W doborze smaków, poszukiwaniu inspiracji pomaga jej również sam szef pan Tomasz, a pozostałą część zgranej, kuchennej załogi stanowią panowie Arek i Grzegorz.
Skoro już o obsłudze mowa, warto zauważyć ze wszyscy są tam bardzo pozytywni.
Uśmiechnięci, energiczni, aż miło popatrzeć!
A jak tam trafić, po zapachu?
Restauracja znajduje się na ulicy Abrahama 15 A w Gdańsku Oliwie. Miejsce na uboczu, z dala od głównych ulic czy centrów handlowych. Skąd więc taki sukces i liczni goście? Rucola to dla mnie idealny przykład na to, że wystarczy wyśmienita kuchnia oraz miła atmosfera aby restauracja obroniła się na rynku.
Reklama jest niepotrzebna, wystarczy poczta pantoflowa.
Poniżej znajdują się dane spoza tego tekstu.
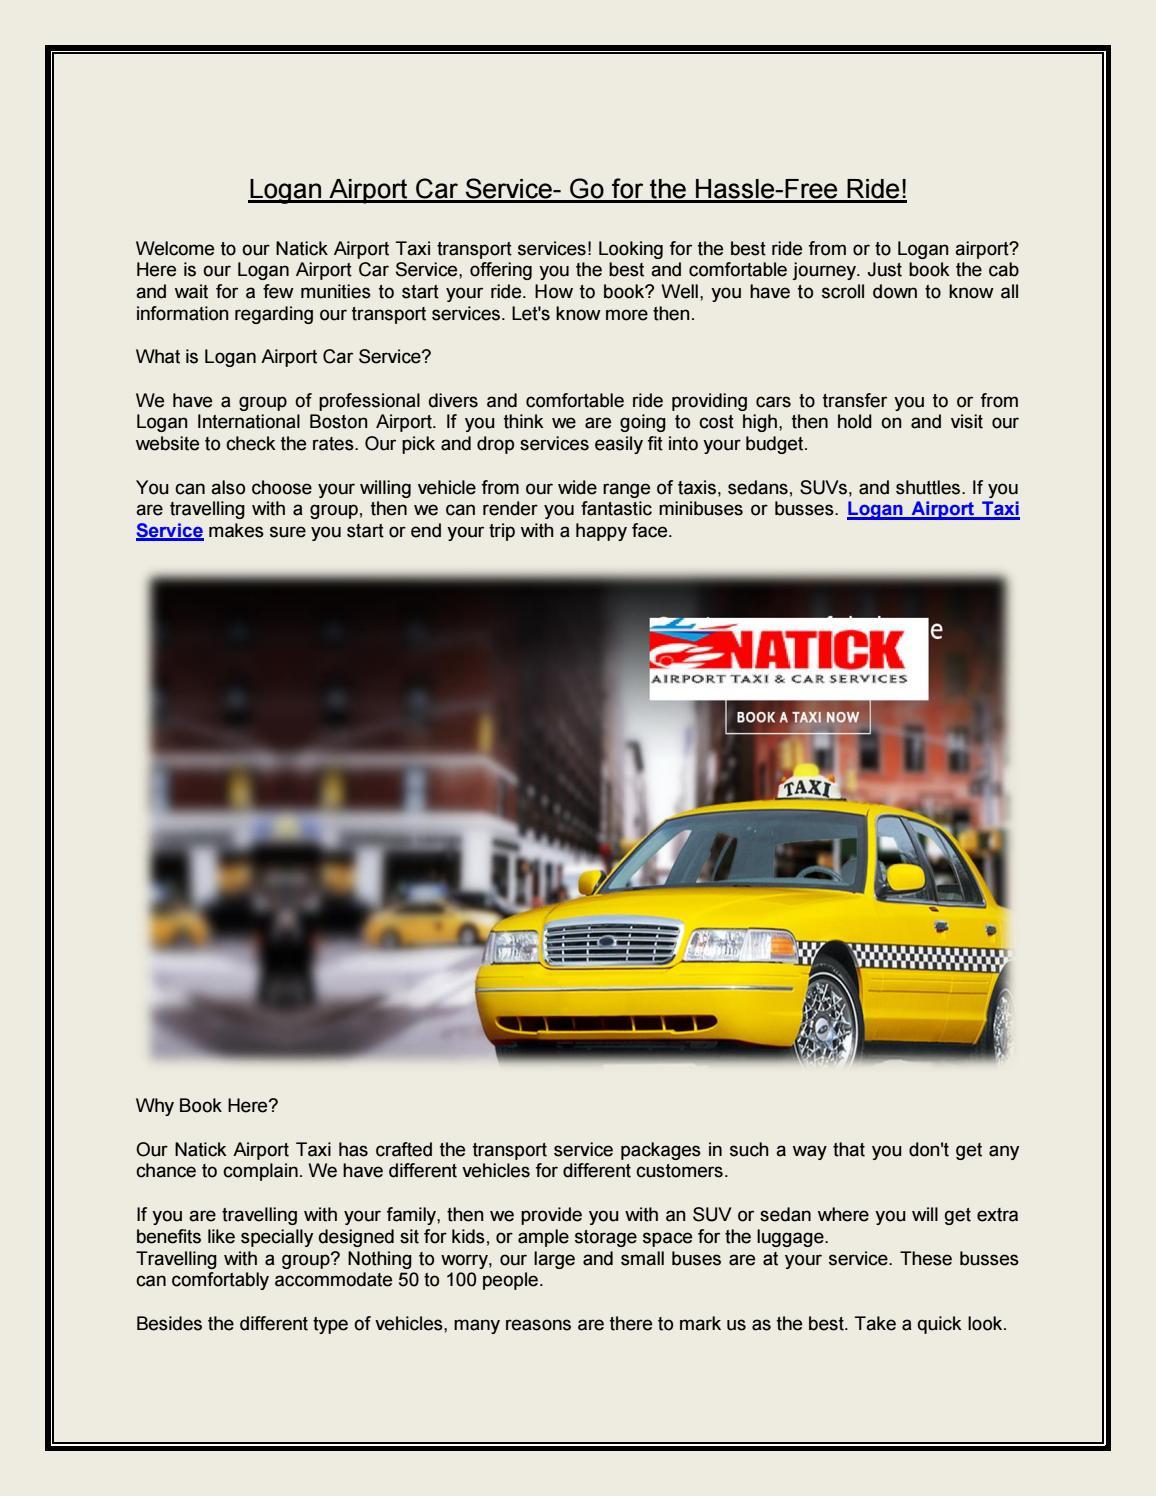 Logan Airport Car Service | Logan Airport Taxi Service

Swoją wyśmienitą kuchnią Rucola broni się już 9 lat! Po licznych komentarzach na forach internetowych, widać że ma swoich stałych klientów, a w ich szeregach znajduje się mnóstwo sław. W restauracji znajduje się też Księga Pamiątkowa. Warto do niej zajrzeć, bo zawiera historię tego miejsca – od wycinków z gazet z informacją o otwarciu, po najnowsze wydarzenia.
Do knajpy przyciąga również wnętrze. Podobnie jak dania w karcie, tak i elementy wystroju pochodzą z różnych zakątków świata. Jest bardzo przytulnie, zarówno w środku jak i w „ogródku” mnóstwo jest orientalnych dodatków. W „ogródku” piszę w cudzysłowie nie przez przypadek.
To nie jest typowy, restauracyjny ogródek gdzie stoły na zewnątrz po prostu otoczone są płotkiem. Tutaj całość zaaranżowana jest tak, aby przechodnie nie zaglądali gościom w talerze. Są tam wygodne fotele, kanapy, zasłonki oddzielające poszczególne partie i mnóstwo dodatków tworzących niepowtarzalny klimat.
Mój ulubiony dodatek to świecznik znajdujący się na barze. Zarówno on, jak i wosk którym jest oblany pamięta początki Rucoli, aż do dnia dzisiejszego. Piękna pamiątka, która zmienia się i „starzeje” wraz z restauracją.
Jestem pewna, że wielu z Państwa odwiedziło już Rucolę. Jak wrażenia, czy macie Państwo swoje ulubione smaki?
Ja z pewnością chętnie wrócę tam jeszcze nie raz i Państwa również zapraszam na randkę, spotkanie z przyjaciółmi, rodzinne imprezy… to jest miejsce dla wszystkich!